Imaging

 

The best modality for imaging the supraspinatus tendon (a soft tissue) varies according to the specific tendon disorder – Tendonitis (inflammation) Vs tendinosis (micro-tears) Vs partial or full thickness tear Vs rupture.

The options include: 

 

(a) MRI – Magnetic Resonance Imaging

MRI machines are used commonly to assess internal changes in a joint and produce the best quality images for soft tissue injuries, especially tendons. This device involves the use of a large magnetic field, does not use ionising radiation and is non-invasive; however, it is expensive. This device is considered to be the 'gold standard' for imaging tendons although ultrasonography may be an alternative option if time and/or cost are limiting factors.

 

 (b) Diagnostic Ultrasound

Good quality images of tendon, muscle and soft tissues. This imaging device can show haematoma formation (bleeding into the tissues) resulting from tendon tears and early calcification.

Ultrasound is most effective for distinguishing supraspinatus tears from other tendinopathies. Thus it is most clinically useful when attempting to either exclude or diagnose a suspected partial or full thickness tear or complete rupture. 

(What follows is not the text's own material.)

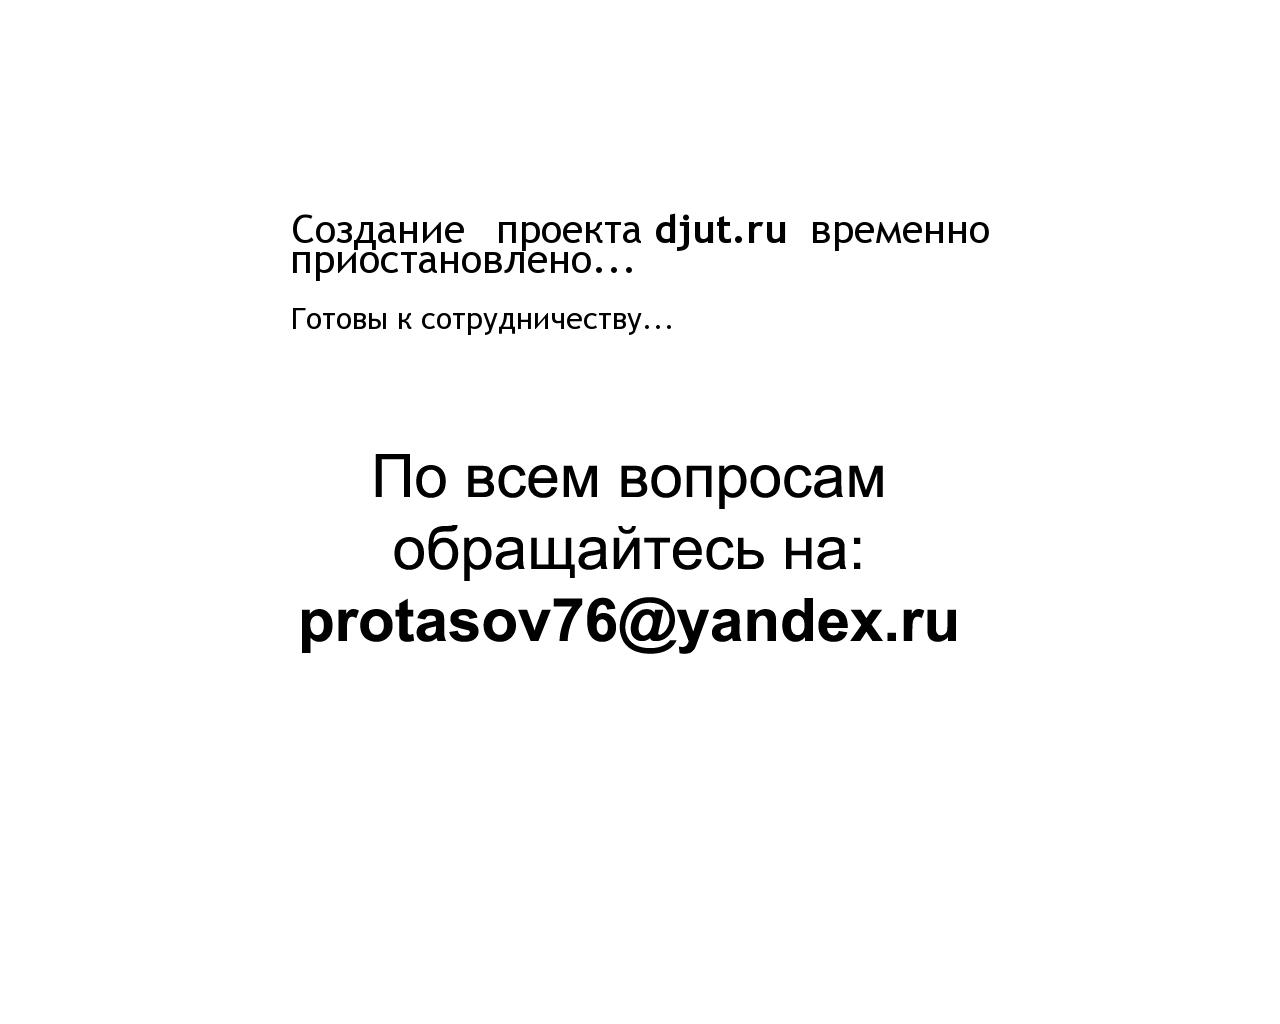 Изображение сайта djut.ru в разрешении 1280x1024
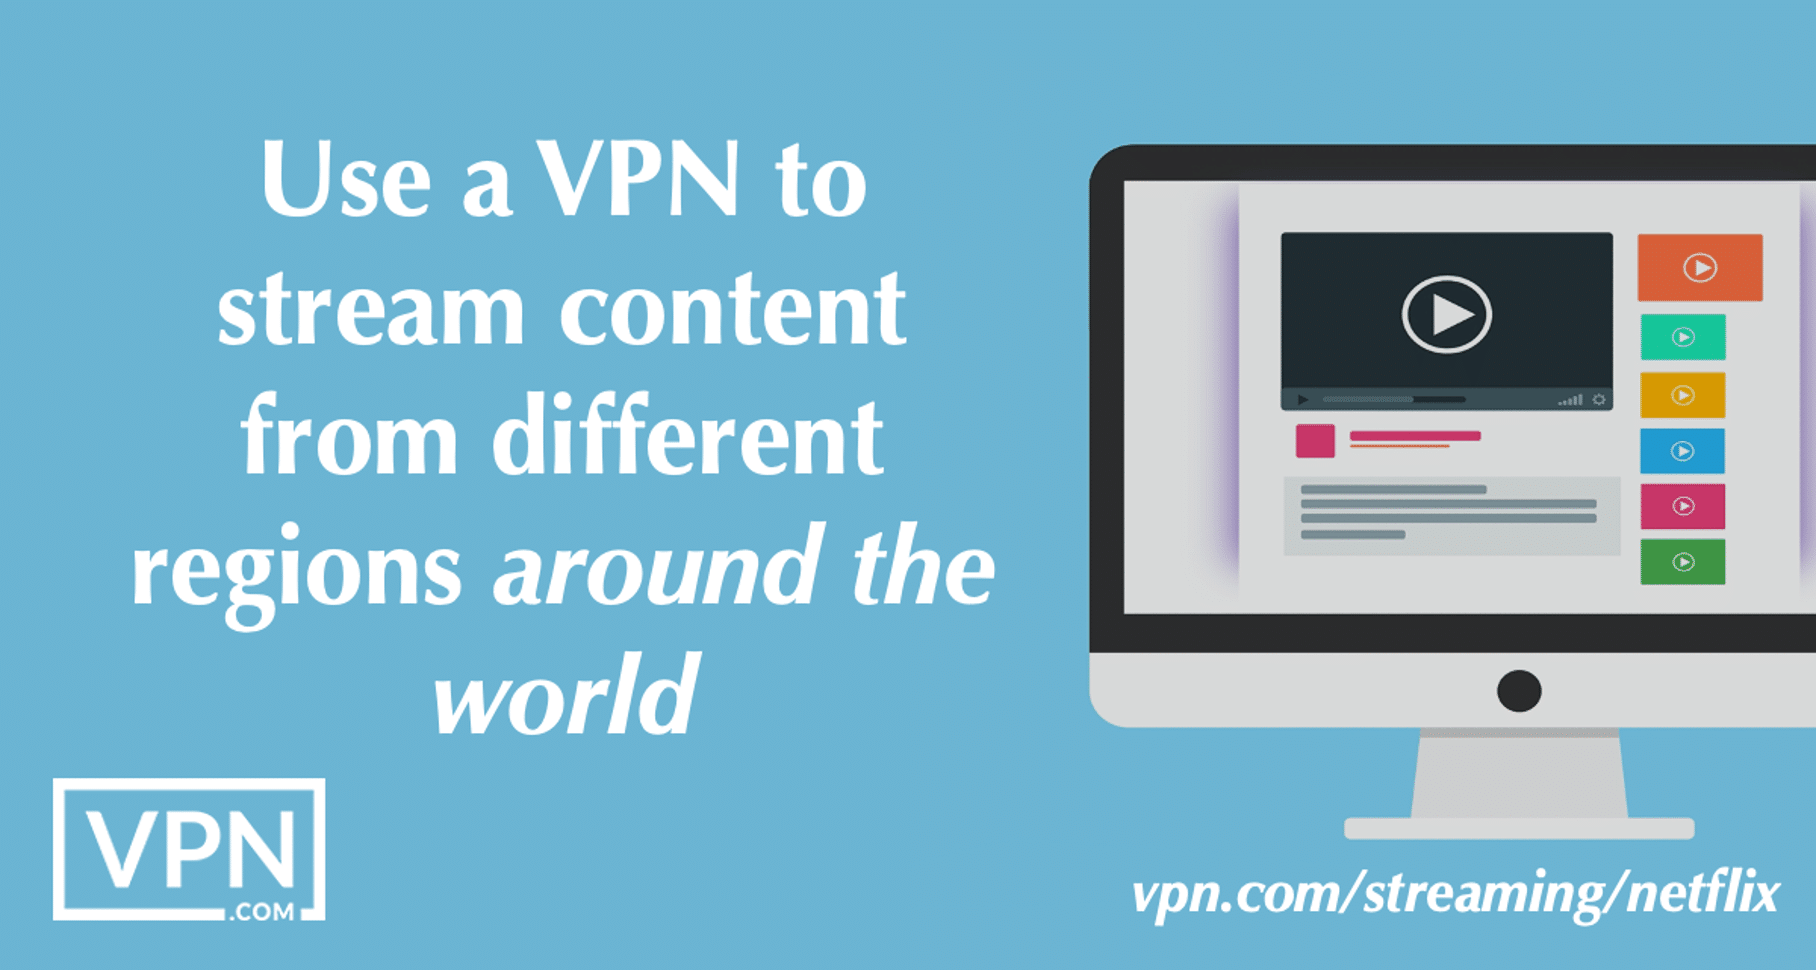 Gebruik een VPN om content te streamen vanuit verschillende regio's in de wereld.

Research studies have shown that the accuracy of ultrasound in diagnosing tears depends on the size of the lesion. There is good specificity (91%) and sensitivity (97%) for complete tears.

 

For further information on reaserch findings see:

 

Brasseur, J., Lucidarme, O., Tardieu, M., Tordeur, M., Montalvan, B., Parier, J., LeGoux, P., Gires, A., & Grenier, P. (2004). Ultrasonographic rotator cuff changes in veteran tennis players: the effect of hand dominance and comparison with clinical findings. J.Eur.Radiology, 14: 857-864

Itoi, E., Minagawa, H., Yamamoto, N., Seki, N., & Abe, H. (2006). Are pain location and physical examinations useful in locating a tear sit of the rotator cuff? American J.Sports Medicine, 34(2):256-264.

 

Ultrasound of  a normal supraspinatus tendon

Complete tear of supraspinatus tendon 

(c) Plain X-ray 

Produce poor quality images of tendons but show bone detail well. This modality can detail the presence of any calcifications within the tendon and/or degenerative changes. Additionally, it can reveal structural abnormalities of the shoulder joint that may have lead to the tendon being impinged and the subsequent development of the tendinopathy.

 

Note: There is limited evidence based practice comparing the effectiveness of each imaging technique for the supraspinatus tendon as an individual structure. The decision as to whether imaging is required for a diagnosis and what is the best option to use will depend on your physiotherapists initial clinical findings.

 

Plain X-ray film of the right shoulder joint. Note the gap between the acromion and head of humerus - this is the subacromial space. 

Diagnosis is complicated and so you may find that your treating practitioner will provide treatment first and then assess your level of improvement in the next session. This will allow for confirmation that initial suspicions were correct and that the treatment is working, thus removing the need for expensive imaging. The expectation that you have to undergo imaging immediately for a diagnosis is not always warranted.